Marino exit adds to NFL's starless sky

On The NFL

March 19, 2000|By Vito Stellino | Vito Stellino,SUN STAFF

It was obviously tempting for Dan Marino.

The idea of throwing to Cris Carter and Randy Moss and handing off to Robert Smith intrigued him. So did the idea of making one more run for the Super Bowl.

In the end, though, Marino made the logical move when he declined the Minnesota Vikings' offer and decided to retire after 17 years.

Marino simply didn't appear to have enough left in the tank to last another season.

And the reality of playing for the Vikings probably wasn't as good as it looked on paper. The team appears to be in turmoil, with coach Dennis Green shaking up the coaching staff and the defense so weak.

It's still unfortunate for the fans that Marino, who was Picasso with a brush in his hand when he picked up a football, has thrown his last pass. In the last year, the NFL has lost John Elway, Barry Sanders -- assuming he doesn't return -- and now Marino.

The NFL has a shortage of stars and now the Dolphins don't have one. For three decades, since Don Shula left Baltimore for Miami, the Dolphins were an attraction. Now they're just another team.

Just like a lot of other teams. The lack of marquee attractions is a problem for the league now that only one of the 12 division champions in 1997 and 1998 -- Jacksonville -- repeated last season.

The ABC-TV executives sacked Boomer Esiason and two executives a week ago, presumably in an attempt to recapture the buzz of the 1970s when what happened on "Monday Night Football" was water cooler conversation in offices around the country Tuesday morning.

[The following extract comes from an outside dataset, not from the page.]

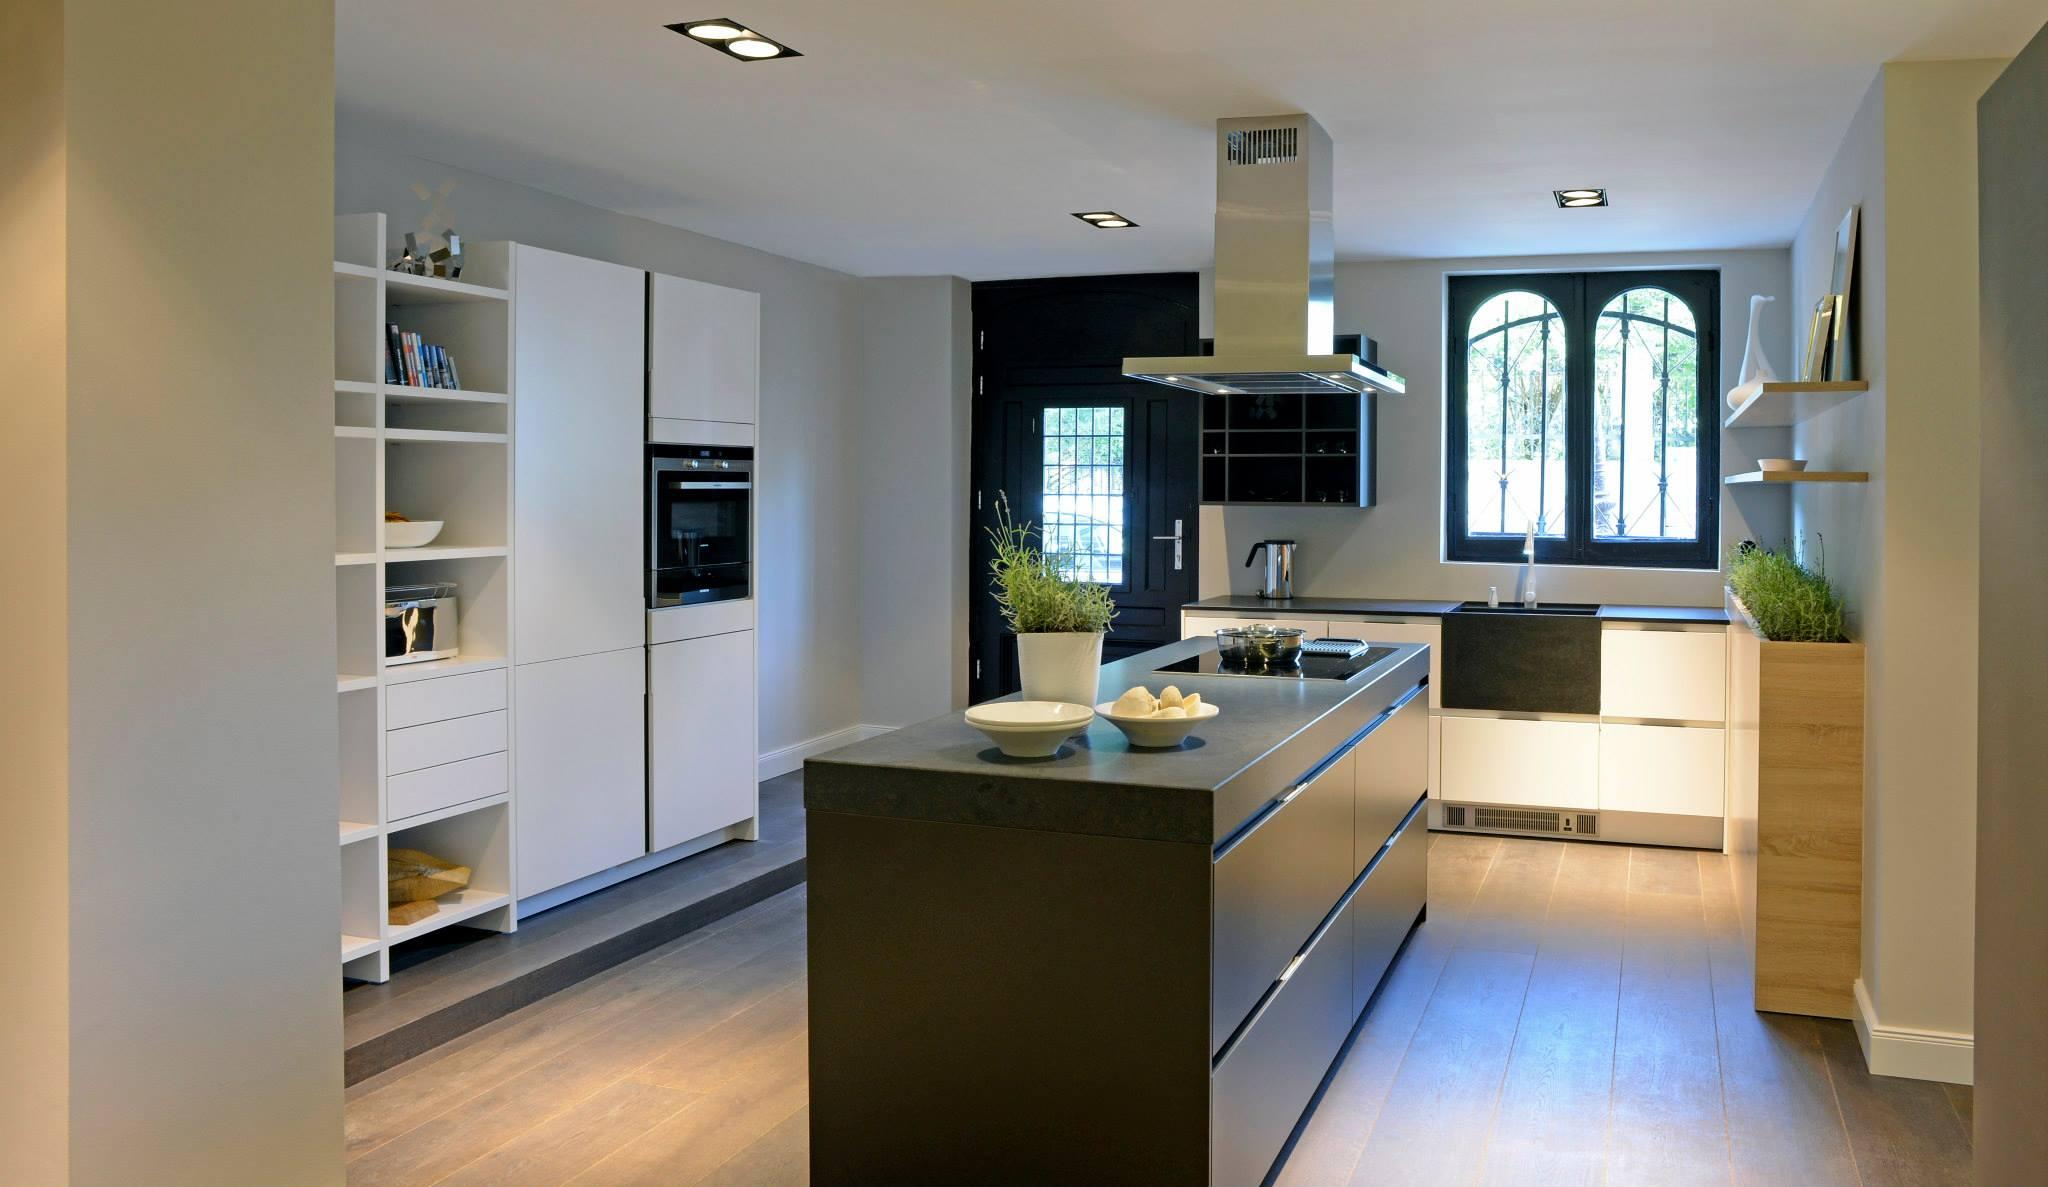 siematic flagship store in amsterdam nieuws startpagina voor keuken idee n uw. Black Bedroom Furniture Sets. Home Design Ideas

Bringing back the '70s, though, seems impossible in the free-agency era. Howard Cosell and Don Meredith helped make it must-see TV in the pre-cable era, but it helped that it was an era of dynasties. Chuck Noll's Pittsburgh Steelers won four Super Bowls, Shula's Dolphins and Tom Landry's Dallas Cowboys won two, and John Madden's Oakland Raiders were a contender every year and won one. So were Bud Grant's Vikings, even though they lost four Super Bowls.

They don't make teams like that anymore.

A Fort Lauderdale columnist lamented Marino's departure when he said the Dolphins now had "No star running back. No star free-agent signing thus far. No national stars on the roster, period. Get the team picture? It looks an awful lot like the Baltimore Ravens, doesn't it? Only now even the Ravens have Shannon Sharpe to draw a spotlight."

Of course, there is one upside to the demise of dynasties. Virtually every team now figures it has a shot for the playoffs. After all, two teams got in at 8-8 last year.

But the NFL no longer has the aura it once had when MNF was an event instead of just another football game.

Dolphins rift

It wasn't a secret that Marino and coach Jimmy Johnson didn't exactly have a good rapport.

That was made even more obvious when Johnson was a no-show at Marino's farewell news conference.

Johnson, though, didn't snub Marino. He wanted to come, but Marino sent the word that he didn't want him there.

This leaves former Johnson aide, Dave Wannstedt, in one of the toughest coaching situations in the league this year.

A lot of Marino fans in Miami are still annoyed that Wannstedt didn't invite Marino back, so Wannstedt isn't exactly getting a honeymoon from the fans. If the Dolphins don't make the playoffs, they'll blame Wannstedt.

Second chance

The top players in the draft usually want to hold their own workouts on their college campuses instead of working out in Indianapolis at the scouting combine.

That backfired on Florida State's Peter Warrick on Thursday when his workout in Tallahassee, Fla., was forced indoors because of bad weather.

Warrick's times of 4.55 and 4.56 seconds in the 40-yard dash were not only bested by former teammate Laveranues Coles, but also by the two Penn State defensive stars, LaVar Arrington and Courtney Brown, in their workout the same day in State College, Pa.

The scouts are going to give Warrick a second chance Friday, but he now appears likely to slide to the fourth spot in the draft.

Warrick tried to put his best spin on it, saying, "I was disappointed in my time, but it's not like somebody was chasing me. I'm not the fastest person, but when my number is called, I try to make something happen every time."

At Penn State, Brown outran a disappointed Arrington. The two had similar times even though Brown is a defensive lineman who weighs 267 pounds and Arrington is a 251-pound linebacker. Arrington was hoping to dazzle the scouts with a 4.4 time, but was in the 4.55 range.

"I was trying way too hard. I ran a 4.37 and 4.38 in Florida, but it didn't work out today. I didn't let it come naturally. I wish I could do it all over again," Arrington said.

Brown simply said, "I think I did OK."

Now the question is whether the Browns will make Brown or Arrington the top pick. They may be leaning toward Brown, but they'll talk up Arrington because they'd like to persuade the Washington Redskins to trade up from their second spot to get Arrington. The 'Skins say they're not budging.